Posted: 03/27/2012 2:12 pm

When the Charter for Compassion was launched in November 2009, I didn't know that by 2012 more than 85,000 people would have affirmed it online or that we would have 150 active partners around the world. I did know that if we were to make the Charter something more than a call to action, we'd have to come up with practical, sustainable, creative and realistic ways to bring compassion back to the center of our world consciousness.

We've made great strides in a surprising number of areas. The Compassionate Cities campaign, which requires a detailed 10-year plan from all applicants, now has more than 70 cities worldwide in the process. Officially compassionate cities already range in location and size from farming town Khairo Dero in Pakistan to the American heartland, Louisville, Ky., where the mayor has is determined to set a world's record in compassionate acts during a week of service in April.

The Charter has been translated for children and around the globe there are already 15 officially compassionate schools and many more using compassionate curricula developed for all age levels. In Pakistan, one of the most active Charter partners, just one of the many extraordinary things they have done is to introduce a compassionate character into the Pakistani Sesame Street, Sim Sim Harama. Pakistan is working closely with Jordan, on the other side of the Gulf, in education efforts. In Jordan one compassionate school is housed in a tent and follows nomads through the Jordanian desert. The two Charter groups plan to expand the number to 5,000 within six years.

One of my personal favorites is the prison reform project that trains prison officers to treat inmates with more respect and care. When it was put into practice in a jail in Washington State, the goal was to decrease violence by 2.5 percent; in fact the project was so successful that violence was decreased by 100 percent. Now the creators are evaluating just what the federal government could save by implementing this program across the United States. Additionally, Louisville Kentucky and Berkeley California are just two of the cities exploring restorative justice programs as part of their cities' compassionate programs.

Among our partners are both scientific and medical researchers. Stanford University's Center for Compassion and Altruism Research and Education is conducting research into mapping compassion in the brain and developing compassion training programs; for adults. In Holland, an impassioned group of medical students have written a charter focused on medical ethics and compassion in healthcare.

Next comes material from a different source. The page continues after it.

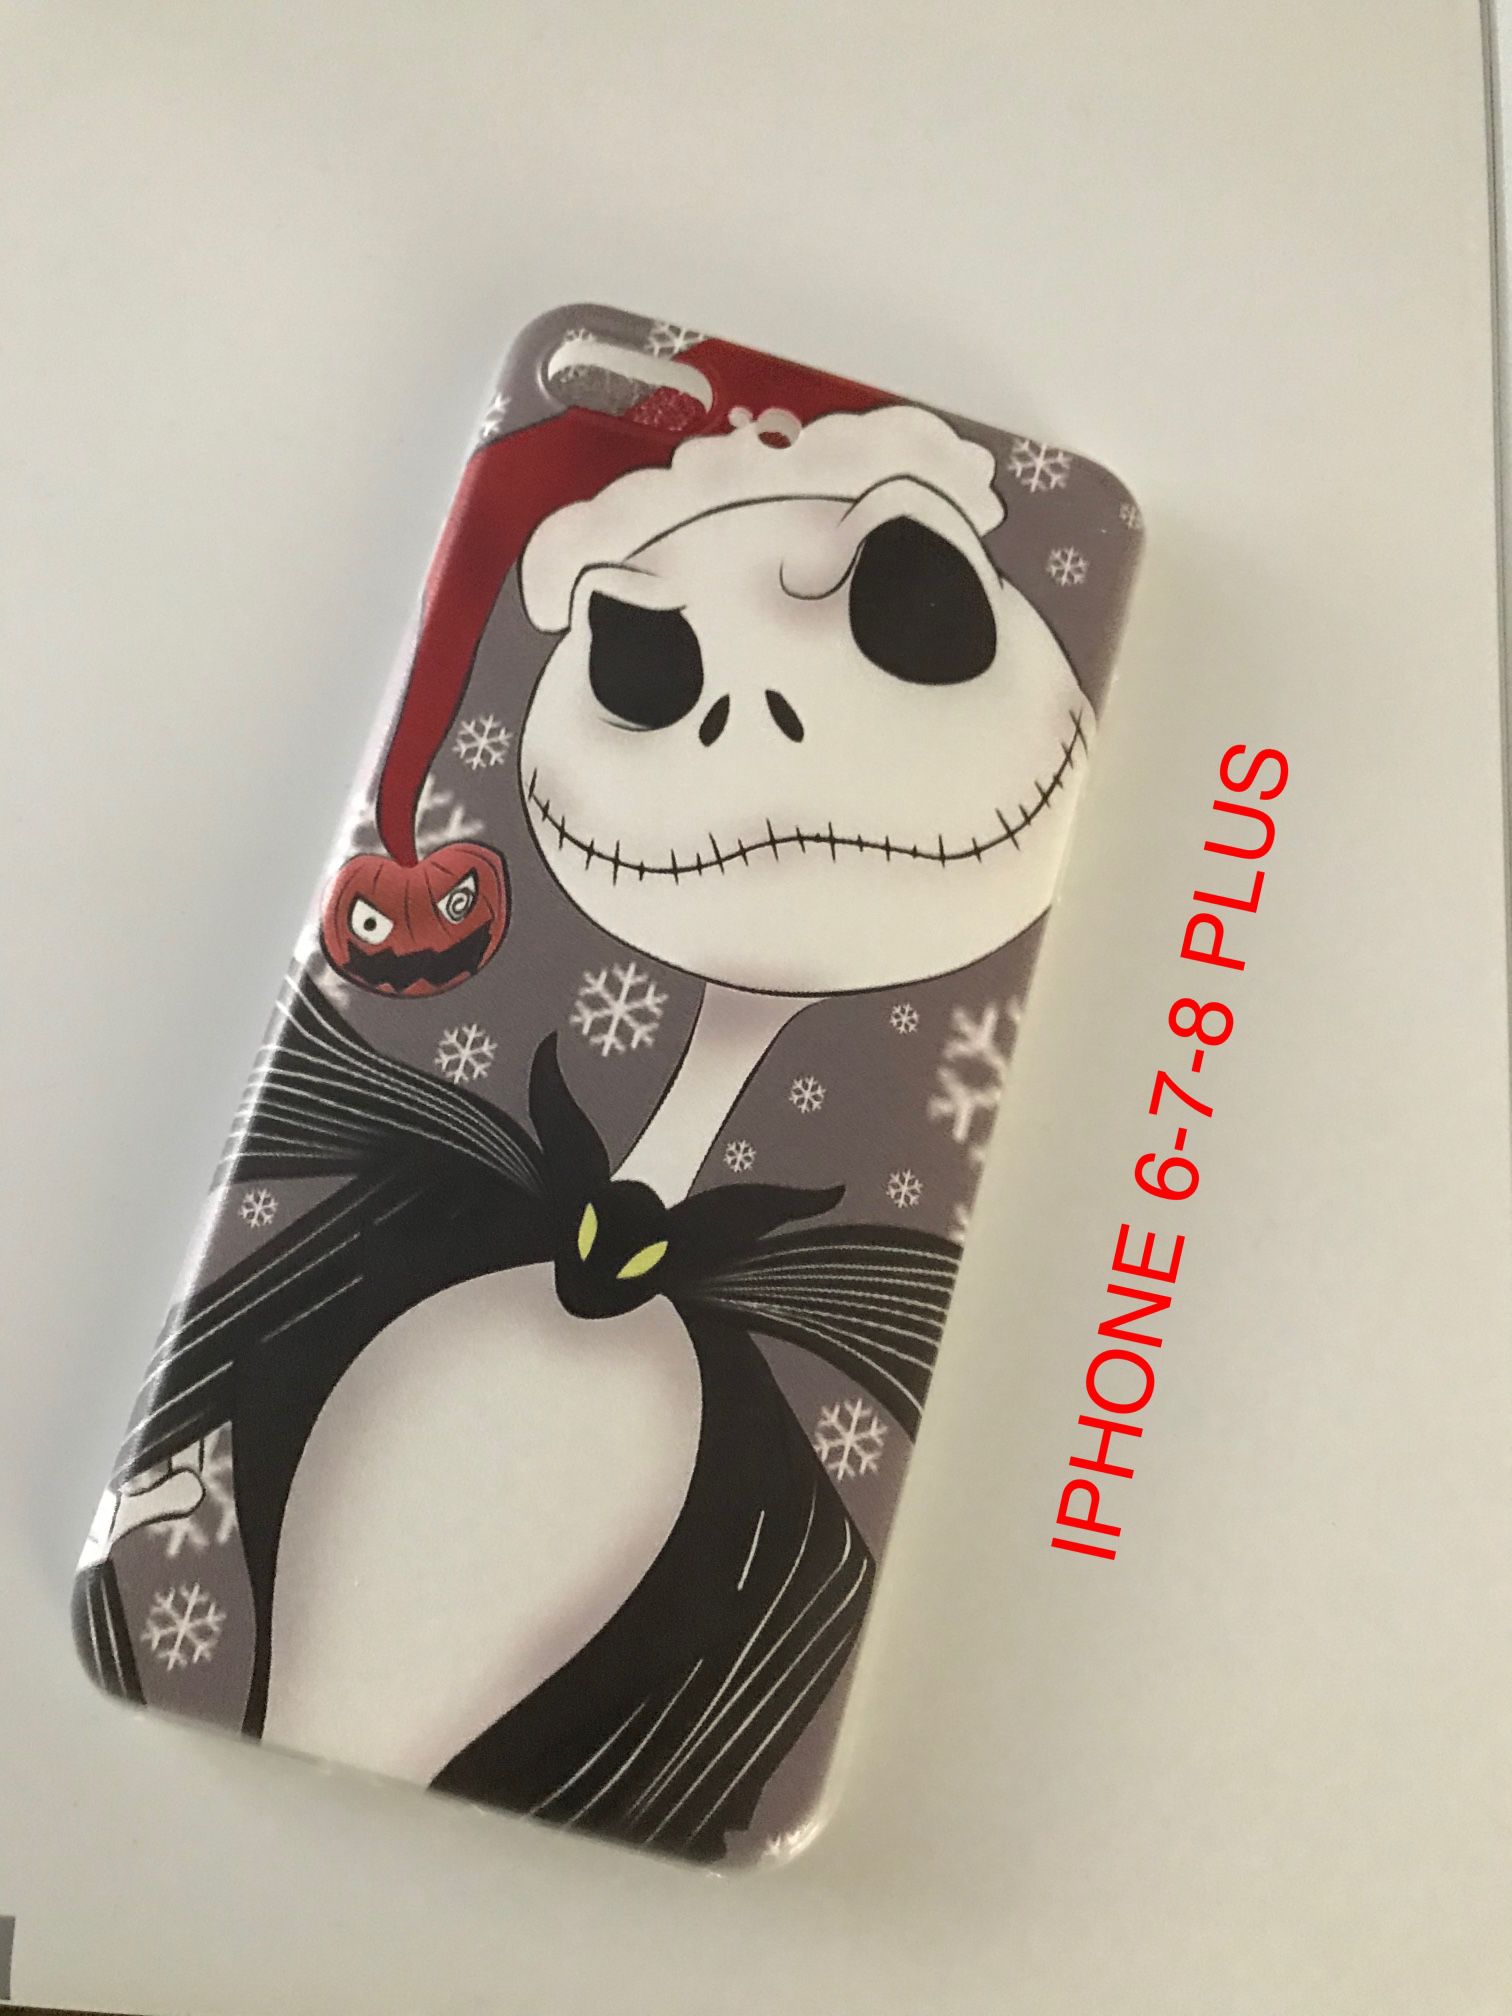 The Nightmare Before Christmas Jack Skellington.  iPhone case for 6-7-8 PLUS. (Nuevo).    FIRM.                 NO TRADES.       NO SHIPPING  (EAST PA
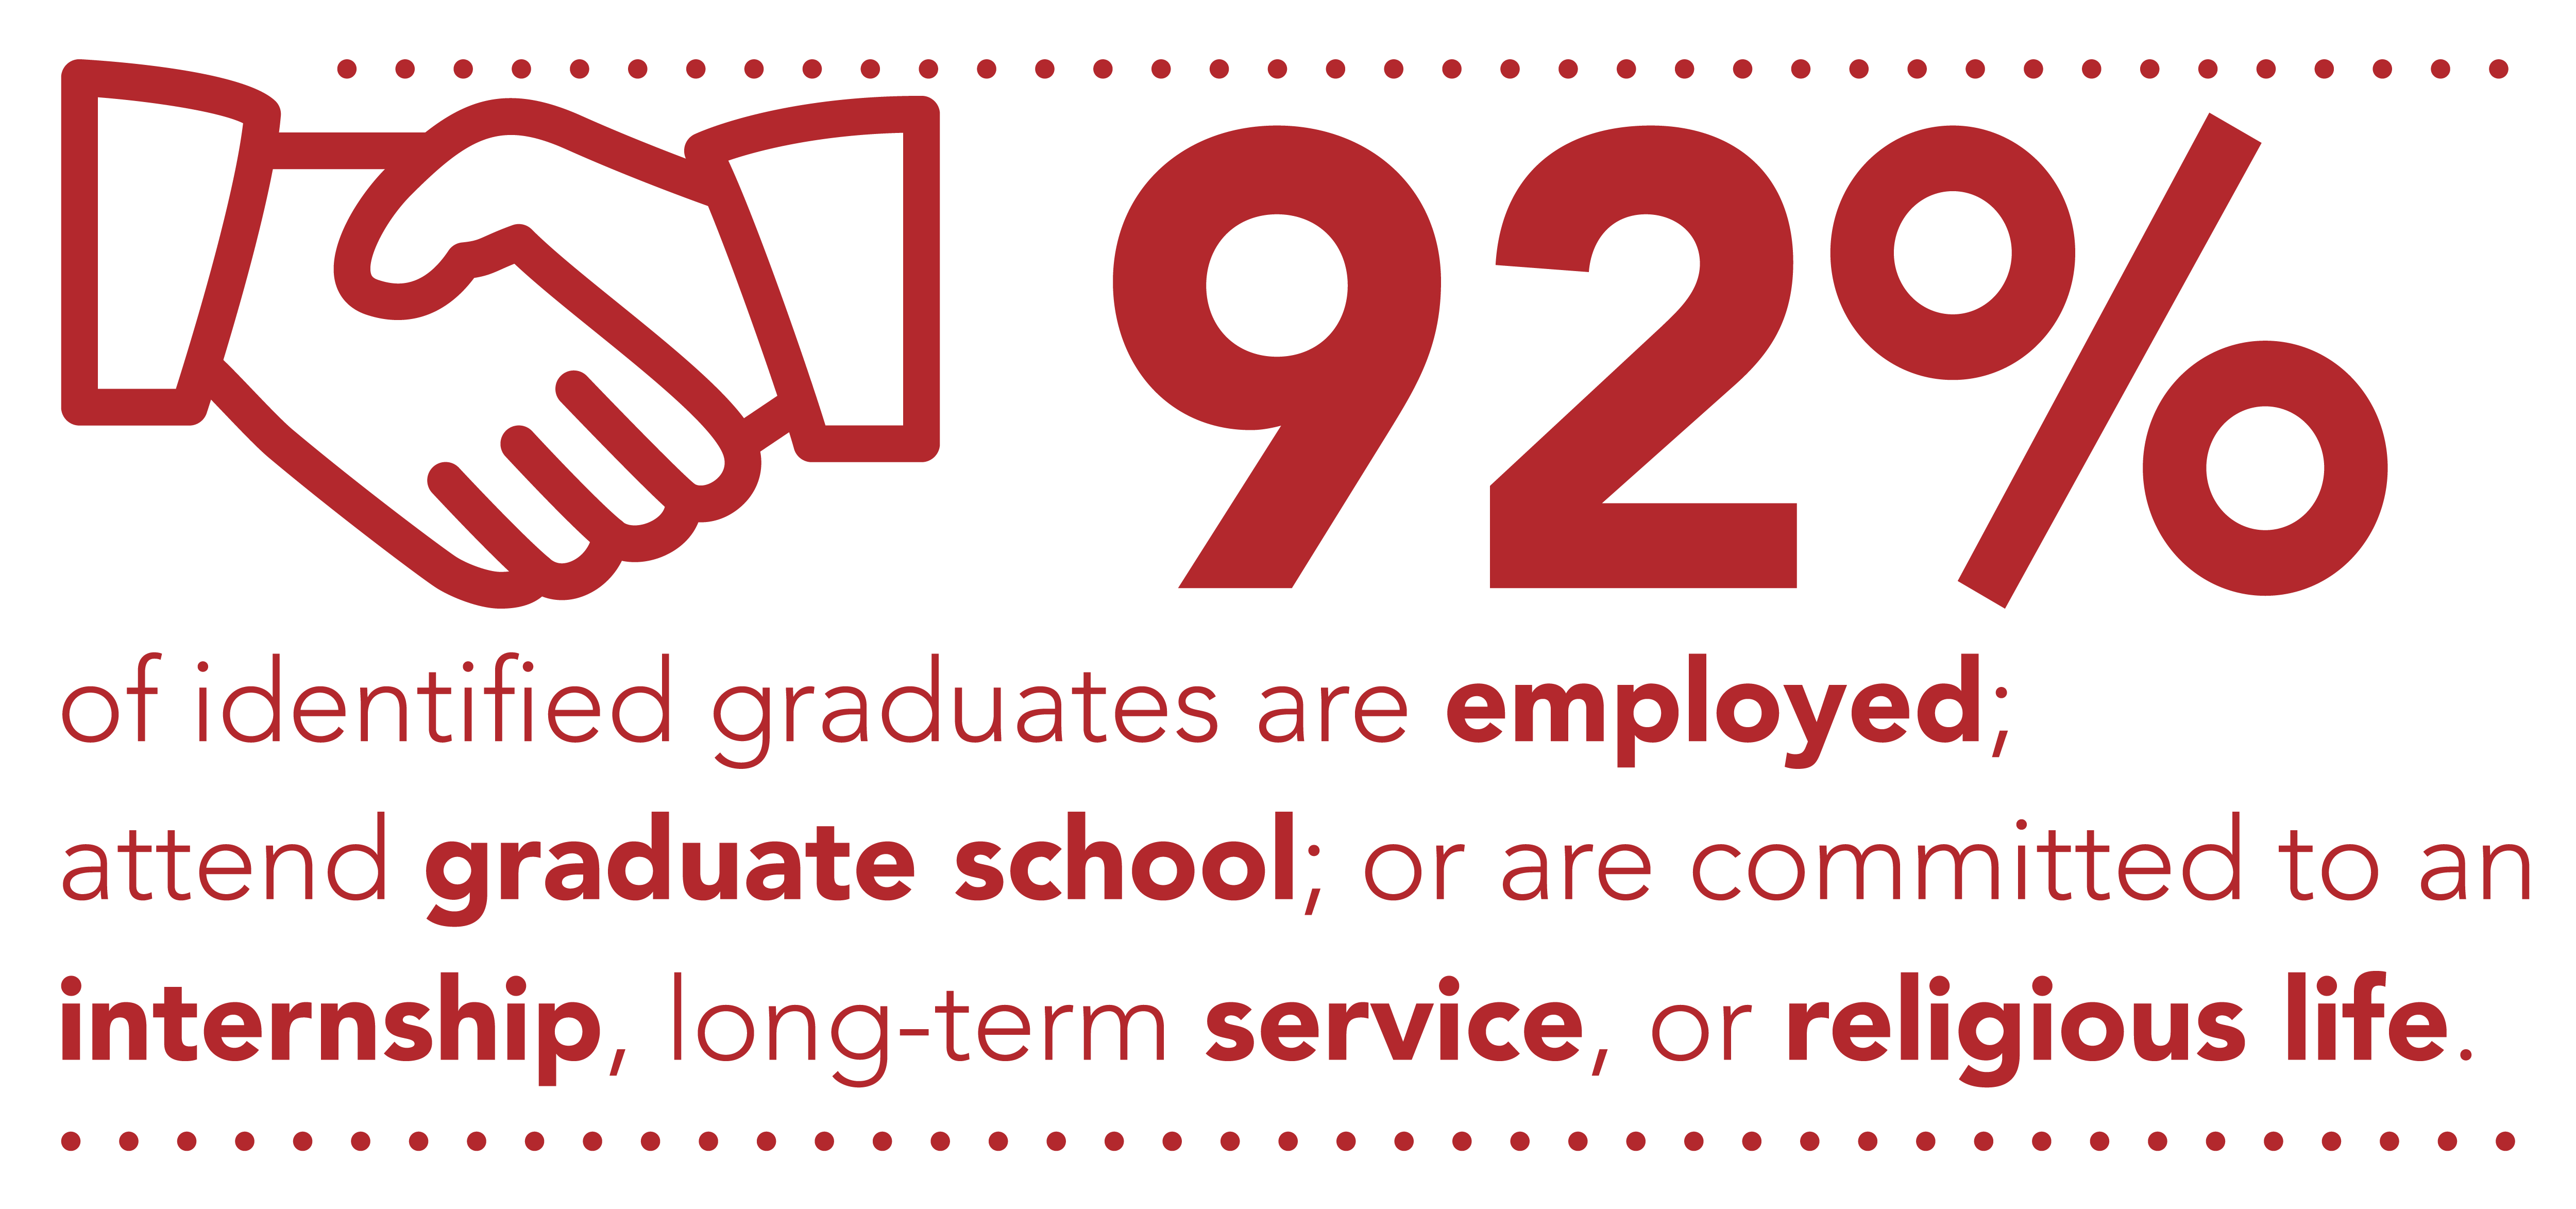 92% of identified graduates are employed; attend graduate school; or are committed to an internship, long-term service, or religious life. 66% are employed, 16% attend graduate school, 5% are employed and attend graduate school, 5% are committed to internships, long-term service, or are a member of a religious community. Outcome information was gathered on 559 graduates.

They are working to make compassion training a required part of the medical school curriculum.

We are connected by the Internet in a fashion as never before. To take advantage of that opportunity we have launched a new website. It will provide practical tools and a meeting place for people from all over the world who are interested in creating and sustaining a more compassionate world. If we all became active upholders of the Golden Rule in our daily lives, in our political lives, in our cities, we could combat the voices the extremisms and hatred that are tearing us apart and endangering us all. We could create a better, more just, more respectful society and world. We can do it and we must do it.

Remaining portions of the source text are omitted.